Kevin W. WoodruffAge: 55-65Gender: Male5 Stars Out Of 5Favorable Review of the Momplete Jewish Study BibleAugust 5, 2017Kevin W. WoodruffAge: 55-65Gender: MaleQuality: 0Value: 0Meets Expectations: 0Stern, David H., and Barry A. Rubin, eds. The Complete Jewish Study Bible: Insights for Jews &
Christians: Illuminating the Jewishness of God's Word. Peabody, Mass: Hendrickson Bibles, 2016. 1728 pp. Hardback $49.95.
Editors David H. Stern and Barry A. Rubin have given us a unique study Bible that is unlike anything else out on the study Bible market these days.

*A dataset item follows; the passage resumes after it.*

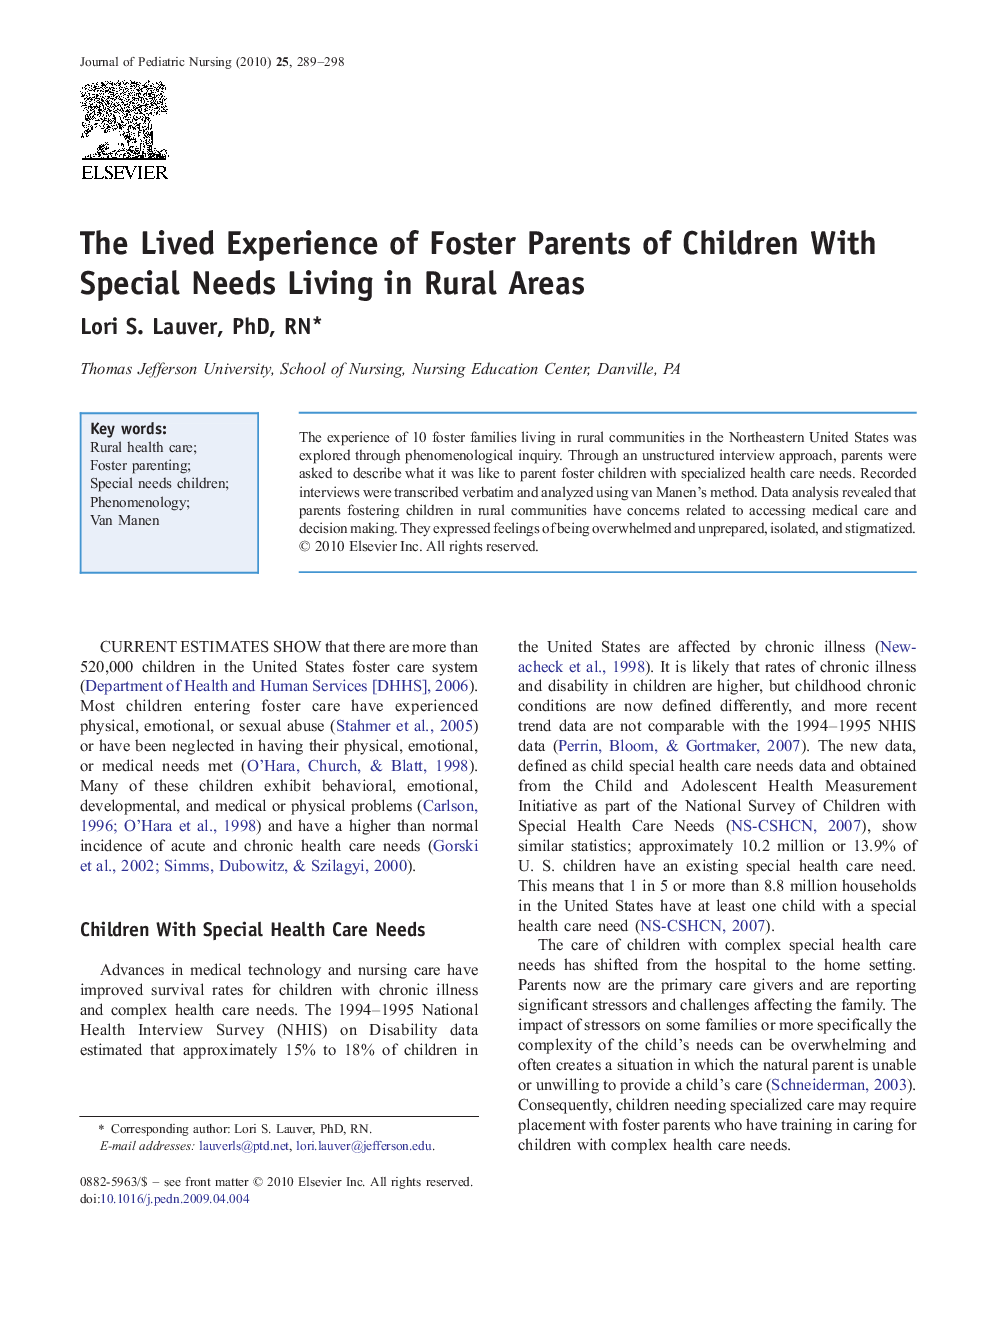 The Lived Experience of Foster Parents of Children With Special Needs Living in Rural Areas

Stern earned a Ph.D. in economics from Princeton University and is a former professor of economics at UCLA. After coming to faith in Christ in 1975, he set out to learn more about both Judaism as well as Christianity. He earned a Master of Divinity degree from Fuller Theological Seminary, continued to do graduate work at the University of Judaism, and was active in the Messianic Jewish movement. In 1979, Stern immigrated to Israel and currently lives in Jerusalem. He is also known for his translation of the New Testament, The Jewish New Testament, and then of the whole Bible, The Complete Jewish Bible, done in 1998, as well as the companion commentary, The Jewish New Testament Commentary.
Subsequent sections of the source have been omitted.